Programming Assignment 1:
Lexical Analyzer
Due Time: 11:59AM(EST) on February 10, 2008
You can choose to use Linux, cygwin (Windows), UNIX or other operating systems where LEX is supported. However, before you submit your assignment, you are required to run your program in SunOS operating system so we can grade your homework easily. You should use an ssh client to connect to csy[01-12].cs.wmich.edu in order to use SunOS system.
I. Problem Description
In the four CS5810 projects, you will have an opportunity to build a compiler for the language Bronco#, which is similar to C. In this first programming assignment, you will find all tokens and the corresponding lexeme. All the tokens are based on the following description.
1.1 Keyword
"int"
"float"
"short"
"record"
"array"
"type"
"pointer"
"enum"
"void"
"new"
"end"
"while"
"if"
"of"
"else"
"print"
"ref"
"function"
"main"
"println"
"return"
The output for the keywords should be like (keyword_if, ) if the keyword if is read.
1.2 Lexical Elements
Your scanner will also be required to recognize several lexical elements and return their token name. Among these are:
1. INT_CONST: All non-negative integers. (No need to support scientific or
hex notation)
2. IDENTIFIER: All valid C variables/identifiers
3. REAL_CONST: All real numbers
4. STRING: Any (double) quoted sequence of character
The output for the lexical elements should be like (IDENTIFIER, abc) if abc is read.
1.3 Symbols
Your scanner will also be required to recognize the following symbols:
";": token category SEMI_COLON
"," : token category COMMA
"-": token category MINUS
"+": token category PLUS
"*": token category STAR
"!": token category EXCLAMA
"||" : token category OR
"..": token category TO
"!=": token category NOTEQUAL
"&&": token category AND
"->": token category MEMBER_OF_POINT2
">=": token category GE
"<=": token category LE
">": token category GT
"<": token category LT
"==": token category EQ
"/": token category DIVISION
"!": token category EXCLAMA
".": token category DOT
"=": token category ASSIGN_EQ
"(": token category LEFT_PARAN
")": token category RIGHT_PARAN
"{": token category LEFT_CUR_BRACE
"}": token category RIGHT_CUR_BRACE
"[": token category LEFT_SQ_BRKT
"]": token category RIGHT_SQ_BRKT
The output for the symbols should be like (OR, ||) if || is read.
1.4 Comments
There are two kinds of comments in Bronco#.
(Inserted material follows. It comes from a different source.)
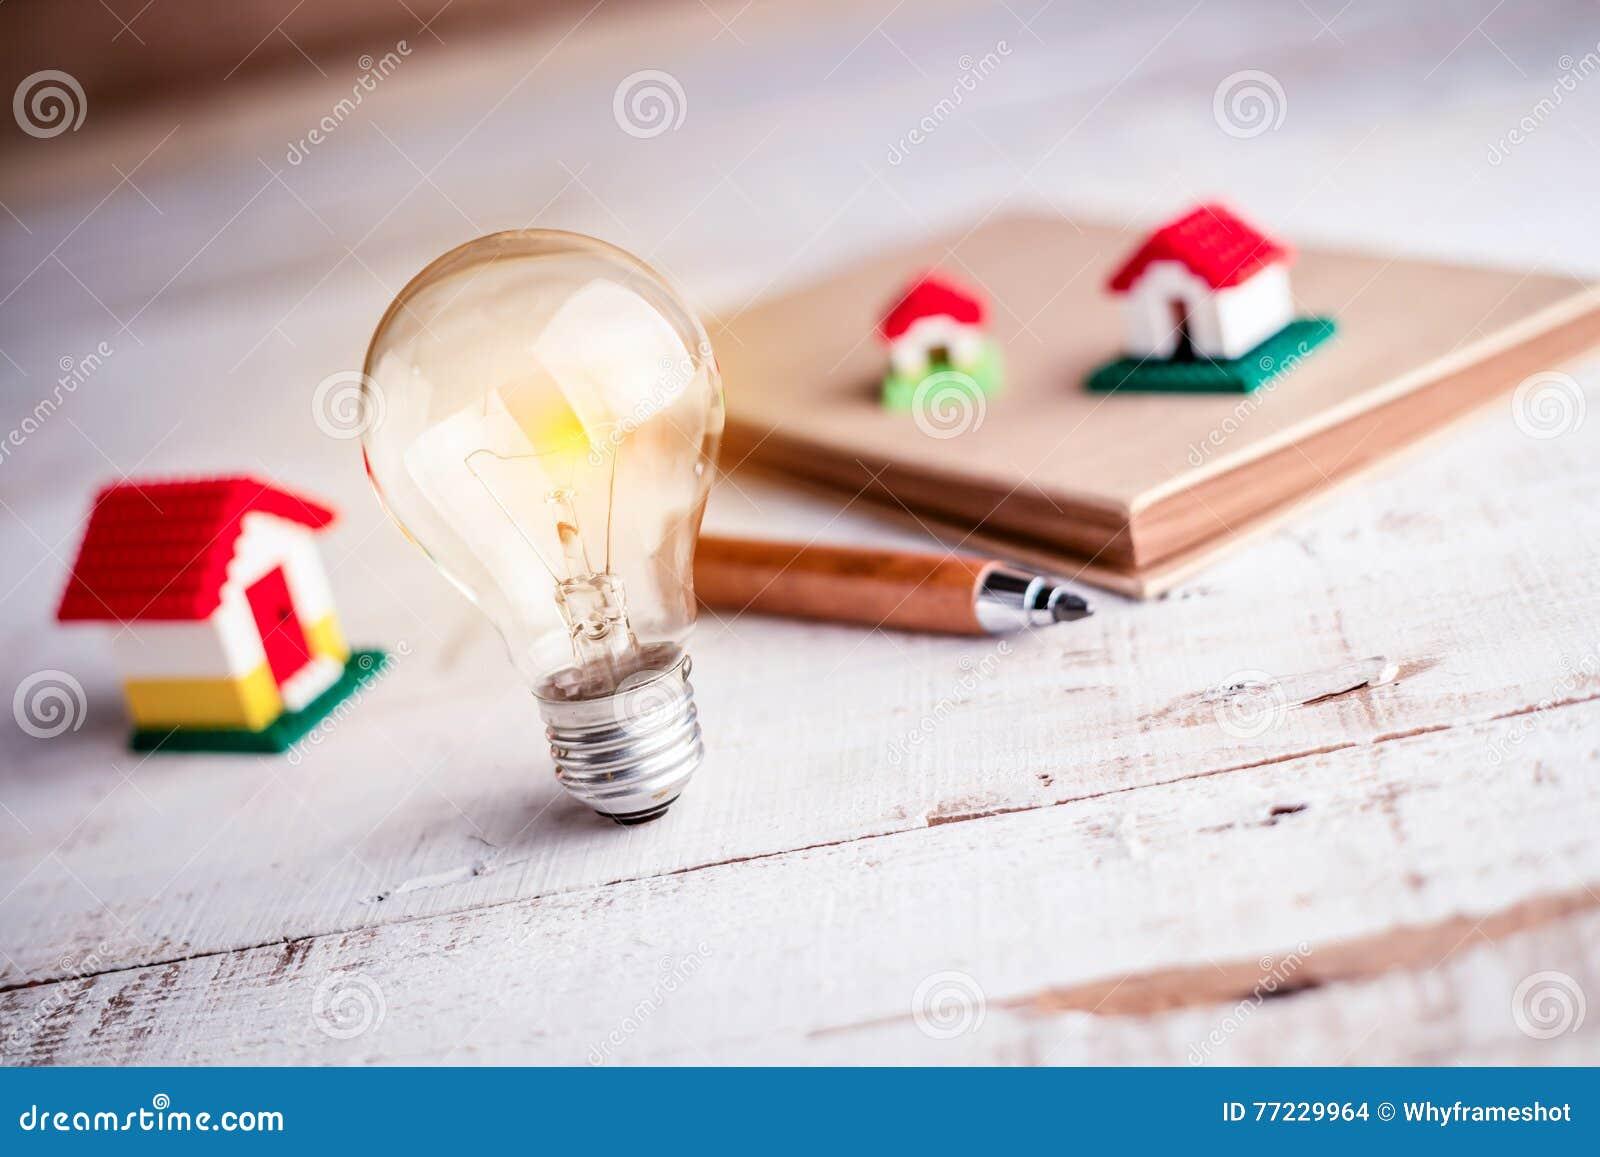 Light bulb and house model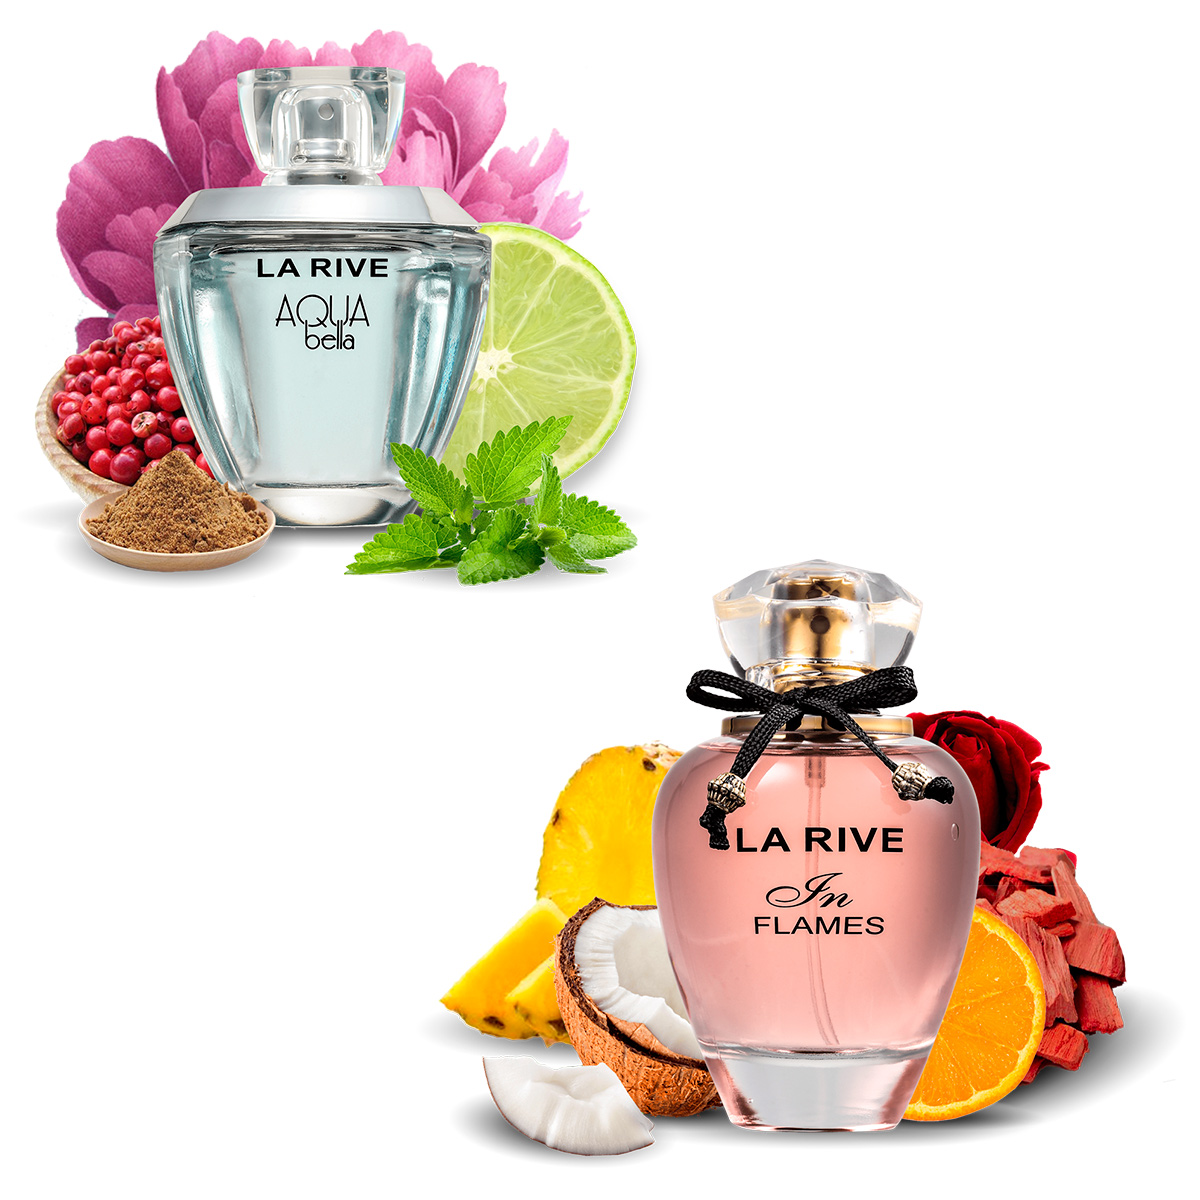 Kit 2  Perfumes La Rive In Flames 90ml + Aqua Bella 100ml

1. One is the line comment which starts with // and ends with the end of a line.
2. The other comment is the multiple line comment which starts with /* and ends with */. Any character between them including newlines should be ignored.
The output of the comments is the pair of (COMMENT, content_of_comment).
1.5 Other Requirements
1. You should print out the total number of lines in the input file at
the end of your output.
2. You should use patterns to consume the input string, not your program to reanalyze the input string.(This is the way you need to find any comments in an input file,)
II. Testing Data:
1. This is the sample file and here is the corresponding output file.
2. More files is p1_02.ds, p1_04.ds, p1_05.ds.
III. Hand In:
Send your source file (.*l) to Bilal Abubark at bilal.abubakr@wmich.edu, and cc to zijiang.yang@wmich.edu.
with Subject: Course Number:PA1: Your Name.